Engineering Contradictions & Design Principles
Engineering Contradiction Analysis
1Adaptability or versatility
If conventional methods are used to evaluate trademark distinctiveness, then legal jurisdiction-specific evaluation is possible, but standardization across different categories and contexts is lost
Solution Approach 1:
The system transforms qualitative legal evaluations into quantitative parameters by generating vector representations of trademarks and goods/services, then computing numerical distinctiveness scores based on vector distances. This parameter transformation enables standardized measurement across different categories while maintaining evaluation accuracy through machine learning models trained on legal precedents.
Solution Approach 2:
The patent replaces manual legal evaluation mechanisms with automated machine learning systems.
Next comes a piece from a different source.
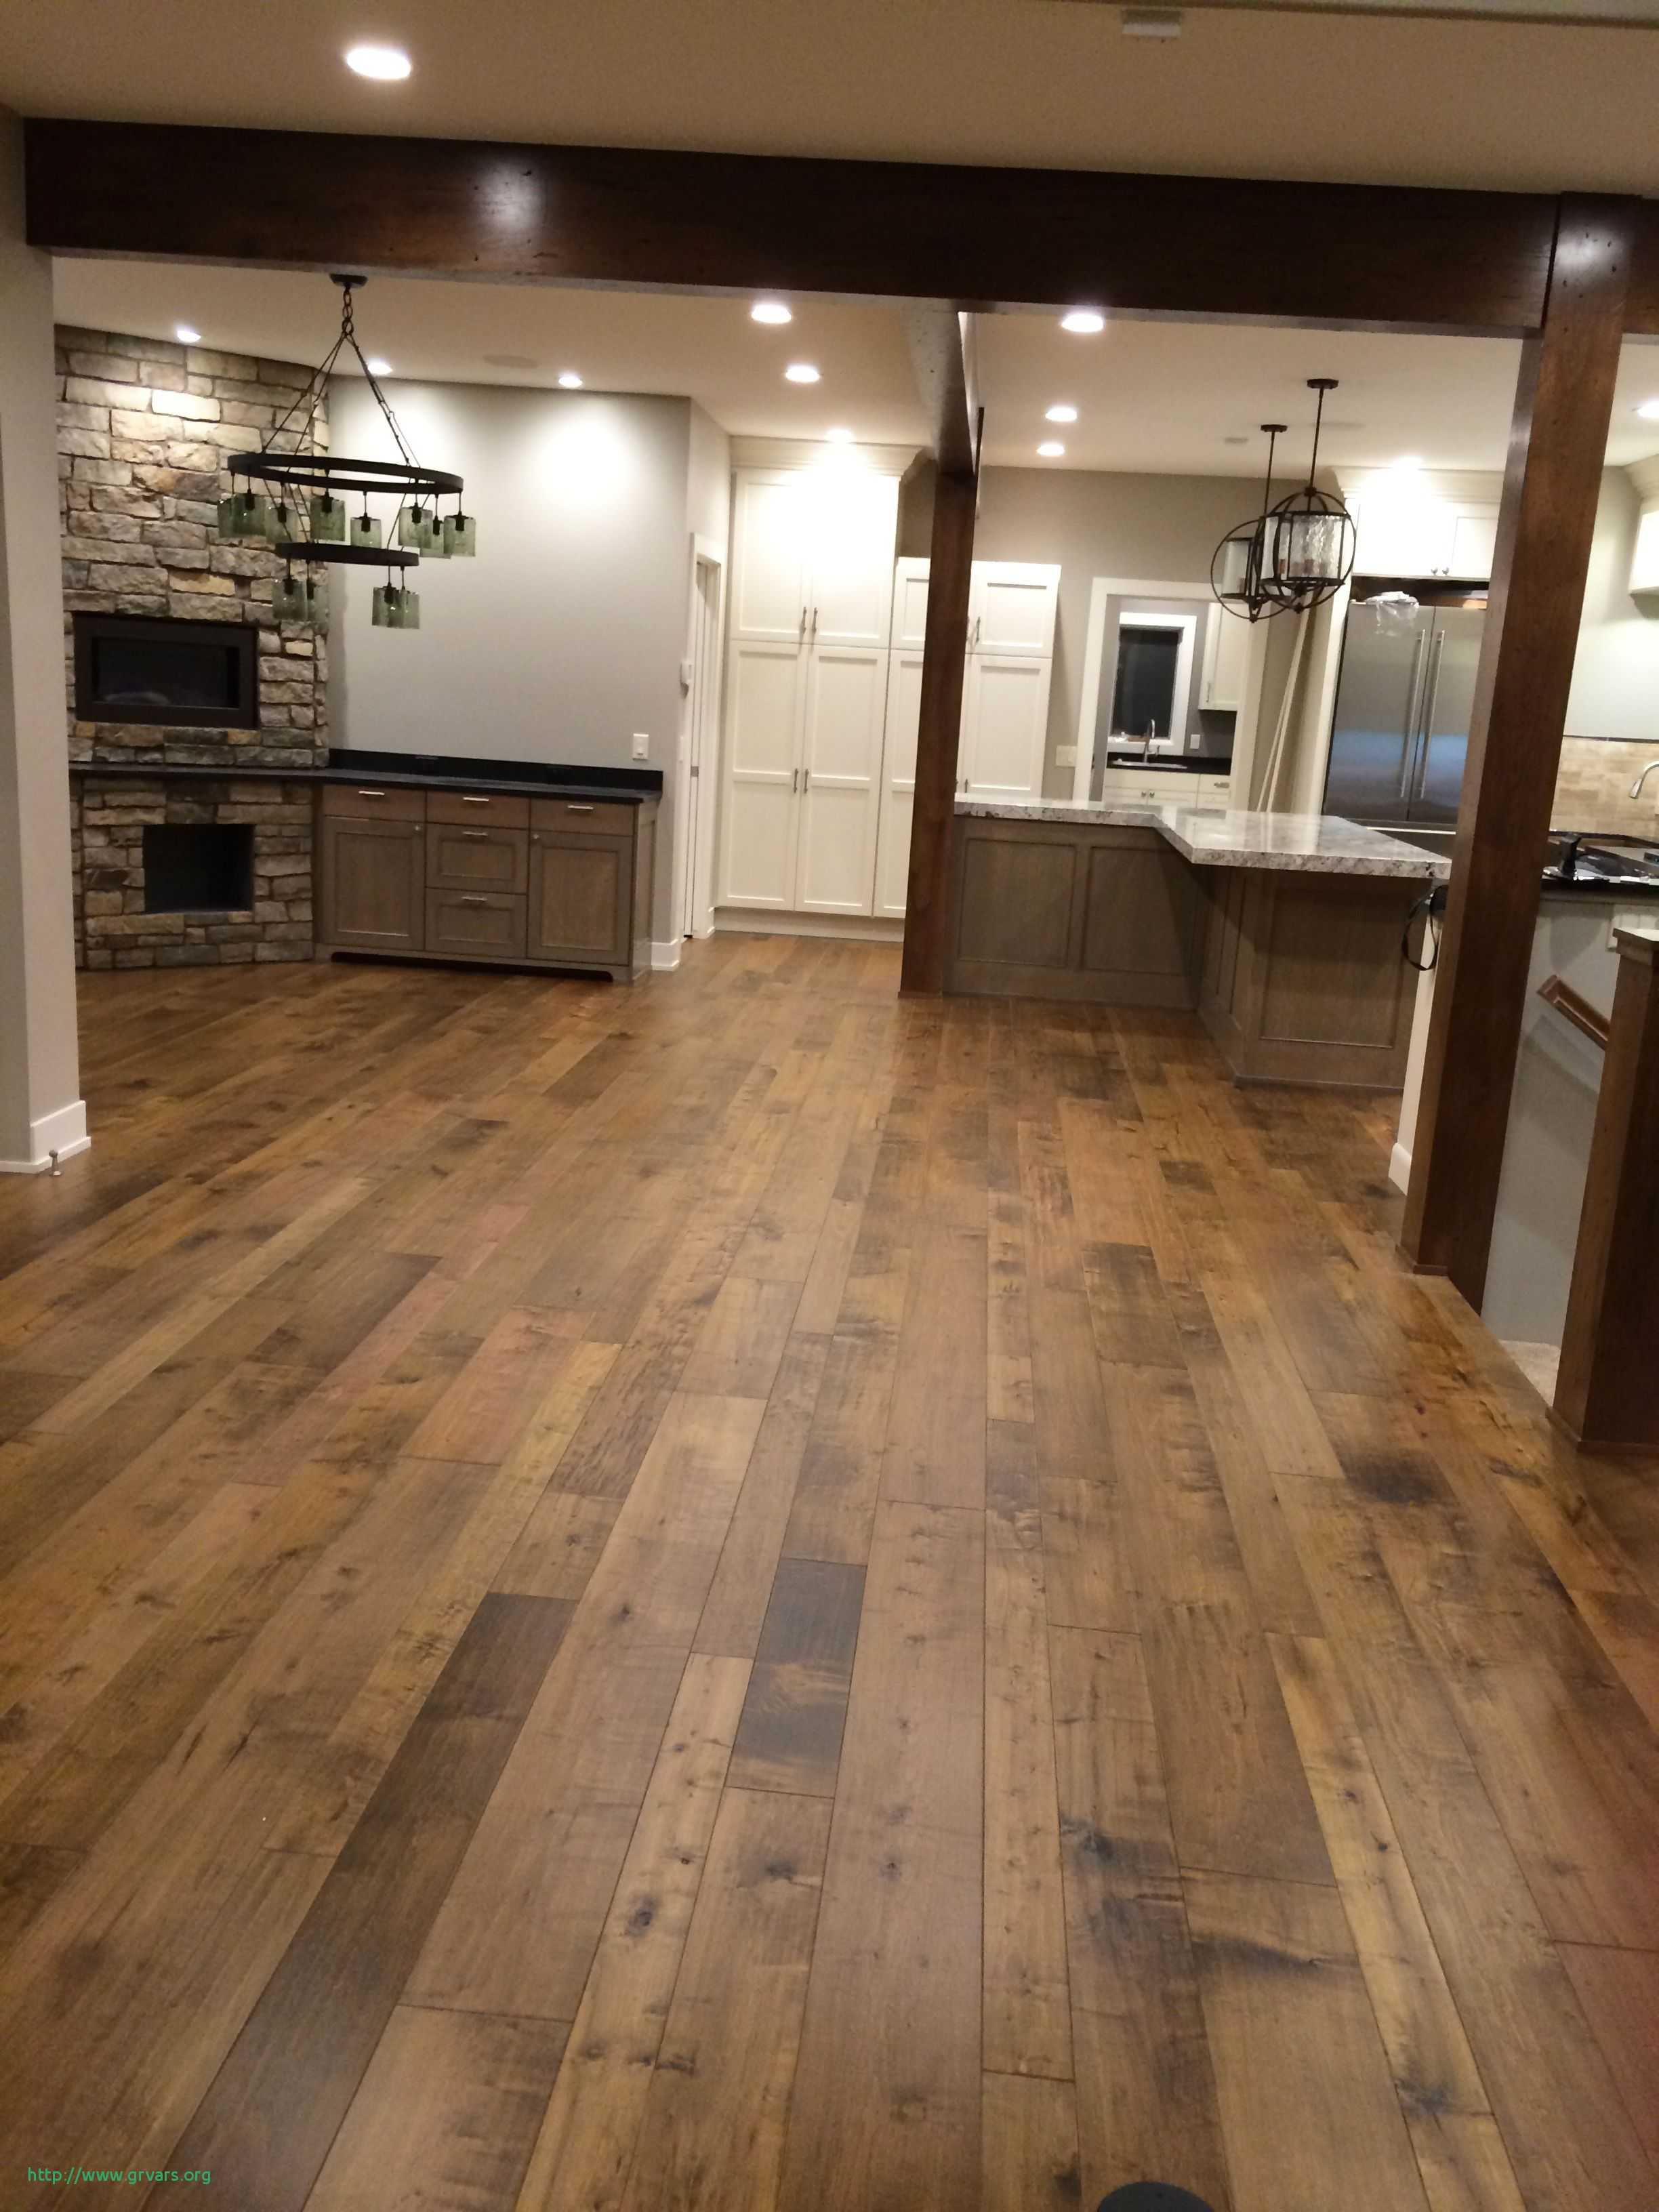 15 Stylish Can Bruce Engineered Hardwood Floors Be Refinished 2024 free download can bruce engineered hardwood floors be refinished of 23 meilleur de can u refinish engineered hardwood floors ideas blog regarding the floors were purchased from carpets direct and installe

The machine learning model processes vector representations and contextual factors to produce objective numerical scores, eliminating subjective human judgment while maintaining legal accuracy through training on established case law and distinctiveness guidelines.
2Quantity of substance
If multiple data types are integrated for comprehensive analysis, then evaluation comprehensiveness is improved, but system complexity increases
Solution Approach 1:
The system employs a universal vector representation framework that can accommodate multiple data types (text, image, color, symbol, sound) through a single consistent representation mechanism. The machine learning model is designed to process diverse input formats and generate unified vector representations, enabling comprehensive analysis without requiring separate processing pipelines for each data type.
Solution Approach 2:
Vector representations serve as an intermediary layer between raw multi-type data and the machine learning evaluation model. This intermediary transformation consolidates diverse data formats into a unified mathematical representation, simplifying the system architecture by providing a common interface for processing different data types through a single analytical framework.
3Measurement precision
If objective numerical scoring is implemented, then measurement consistency is improved, but subjectivity in legal evaluation is not completely eliminated
Solution Approach 1:
The machine learning model incorporates feedback mechanisms by continuously learning from legal precedents, case law, and evaluation outcomes. The model is trained on historical data that includes ground truth labels from legal evaluations, enabling it to adjust its scoring algorithm to better reflect legal standards. This feedback loop ensures that numerical scores remain aligned with legal accuracy while maintaining consistency.
Solution Approach 2:
The system performs preliminary actions by pre-processing and training the machine learning model on extensive legal data before actual evaluations. The model is pre-trained on case law, distinctiveness guidelines, and historical evaluations to establish accurate scoring criteria. This preliminary training ensures that when the model generates numerical scores, they are grounded in legal accuracy, bridging the gap between objective consistency and legal reliability.
Data Source
AI summary
Systems and methods for dataset distinctiveness modeling are disclosed. For example, databases may be queried for datasets associated with intellectual property assets, particularly trademarks. A vector representation may be generated for the mark in question, and a vector representation may be generated for the description of goods and/or services associated with the mark. A machine learning model may be trained to predict a distinctiveness score based on the vector representations, similarity metrics between the trademark and other marks, goods and services of the other marks, and context data associated with the trademarks.